Structuring logical tests
In a previous post, I argued that we should not categorize tests into blackbox and whitebox. However, since a lot of people know these terms, maybe “whiteboxing blackbox tests” would make more sense for them than “structuring logical tests”.
Let me put you into context to clarify what I exactly mean by doing this.
When the creation of tests happens between different teams, it is common that the teams want to make sure everything is covered and those tests are correct, especially if there is no trust between the teams or team members or if the people that created the tests have left the team already.
Rather than sharing test case definitions (some teams would not even have a written track of them), and having to understand the logic for integration or end to end tests, some people want to get automated checks to verify that everything is covered. Here is when the structuring of logical tests happen: they want to turn logical tests into structure tests.
The most typical example is when someone wants to get the code coverage percentage of integration or of end to end tests. While this is possible, it is very expensive and heavy to do, and it makes just about relative sense to do so.

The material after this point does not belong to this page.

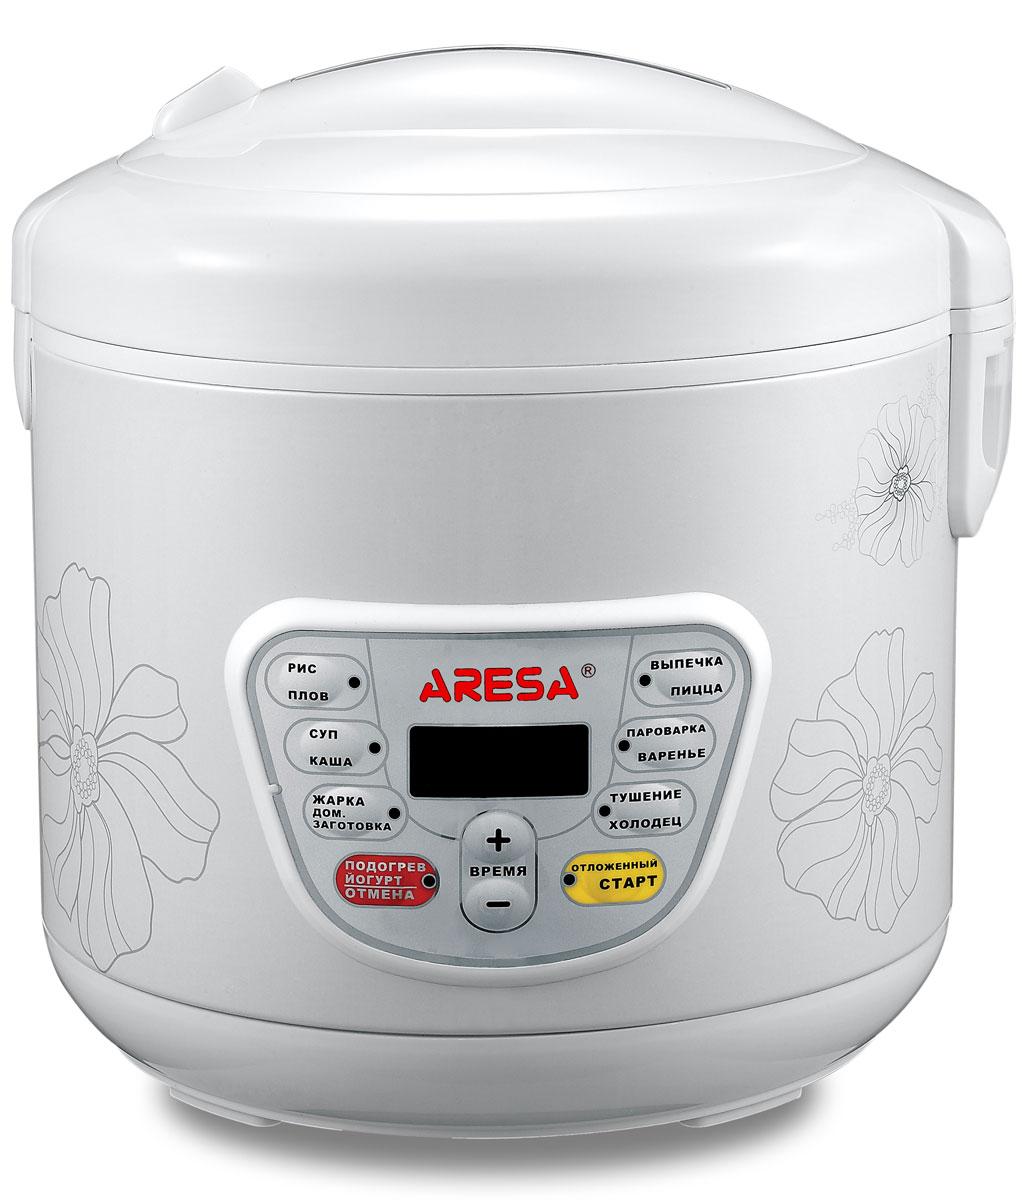 Купить Aresa AR-2001 мультиварка
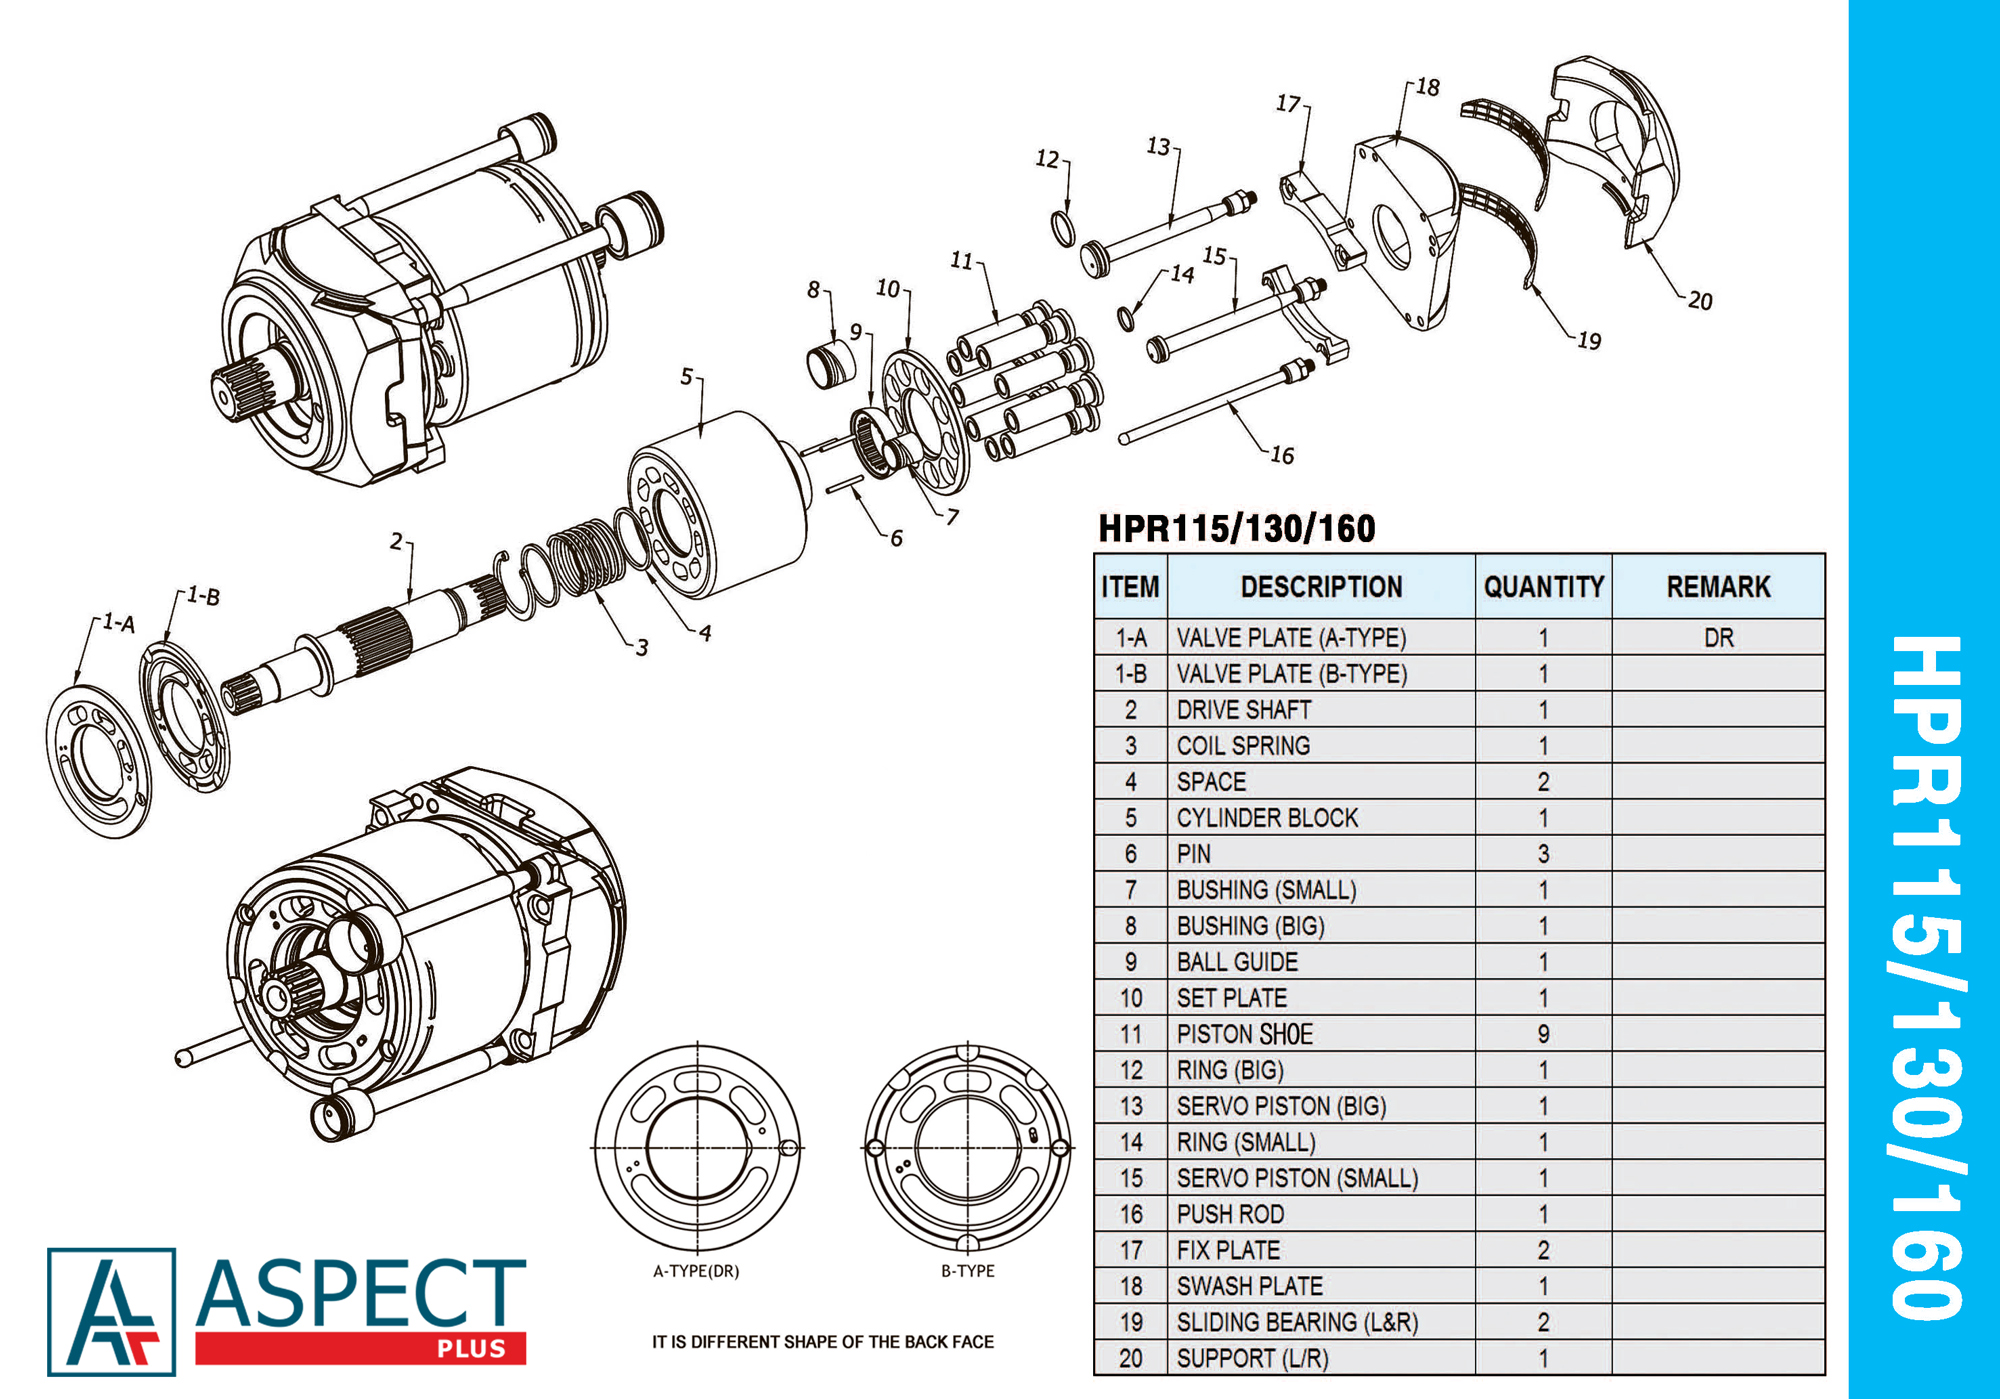 LINDE HPR115 HPR130 HPR160 схема сборки

How do we turn a logical test into a structural test?
First, you need to instrument the code. This means that the code will be modified to be compiled and saved alongside the line numbers and other sets of instructions to measure its coverage when each line is executed as a result of a call from a different piece of code.
Then you need to have that instrumented code available for the test package to interact with it. This could be done with some sort of packaging tool such as docker, building them directly together locally or building everything in the cloud. Whichever way you do this, it means you need to use quite a lot of space, since you need space for both pieces of code as well as all the instrumentation.
Once you execute the tests, you should be able to see the results of the number of lines that were hit during the execution of the tests. However, what does that mean as a quality measure?
Is code coverage the ultimate quality measure?
We talk about code coverage when we deal with unit tests, because with unit tests we are checking the structure of the code. In that scenario, it makes sense to use this as a quality measuring tool. We know what the code looks like or will look like when we write the tests, we want to check the application on a structural level and validate it this way. Therefore, we validate that all lines or branches of the code are being executed when tests run, and if there are issues they should arise from that execution. We can also validate the quality of our tests, as if we have missed pieces of code from being executed, we are likely missing tests too.
When we deal with integration tests, what we want to check is the integration between the different components. While this is commonly done knowing the structure of the code (sort of unit tests that use integrations directly instead of mocking them), the best practice does not require this. Generally, it is more convenient to know the list of API calls or services that our system provides and needs and make sure those calls are all well tested.
When we deal with end to end tests, we typically want to check the user behavior/flow. We don’t really care how this is happening, but we want to know that it happens. We are checking that the logic of the application is valid, not the correctness of the code.
It makes no sense to check the lines of code covered from either of those types because what we are testing is a different concept altogether.
Furthermore, as we go higher in the test pyramid, we should be having less number of tests. So measuring them against lines of code is against this principle, since we could miss most of them by the time we are working with end to end tests. At the same time, they should have been checked by the unit tests by now.
The only case that we might want to check lines of code during integration testing is when we are not doing mocking during unit testing and we are working with some kind of hybrid solution, between unit and integration testing, which is not the best practice, but it is done sometimes.
What should we be doing instead?
I think it’s wonderful that everyone cares for quality and is involved in the quality process, but rather than reinventing the wheel, there are other alternatives that you could explore.
For starters, make sure the teams agree on a list of test cases. If there is one, feel free to review it and check what’s missing. If there is none, agree with the team in charge of that testing to create one together (and please, don’t write it on a spreadsheet). Make sure you have test cases written ahead of time for the following up features. And, *sight*, I hate to say this, but if this is hard, try using some sort of BDD solution, but make sure you are using it well and with its intended purpose. It might be boring to write down everything you want to test and review it with the entire team, but it is proven to work, when done correctly.
With a list of test cases, you should agree to create automation to understand the test coverage (not code coverage), as in, how many tests were automated or executed. Now that you know what each of them should cover, you should know if that coverage will be good, even before the tests are written.
You could even take it a step further and automate these checks from the test definition, or even automate the test definitions from existing test automation. You could even use some intelligent system for all of this.
Finally, make sure you have some sort of “contract” tests to validate previous test level. Keeping these tests separated from your normal feature tests (similar as contract tests would be), you could have some tests that cover basic scenarios that are a must. However, you need to be very careful with these and use them sparingly, so they don’t end up turning into the problem that we are stating in this post.
At the end of the day, it might make more sense to “align the stars” than to try to test it all just in case, but that’s well..another story.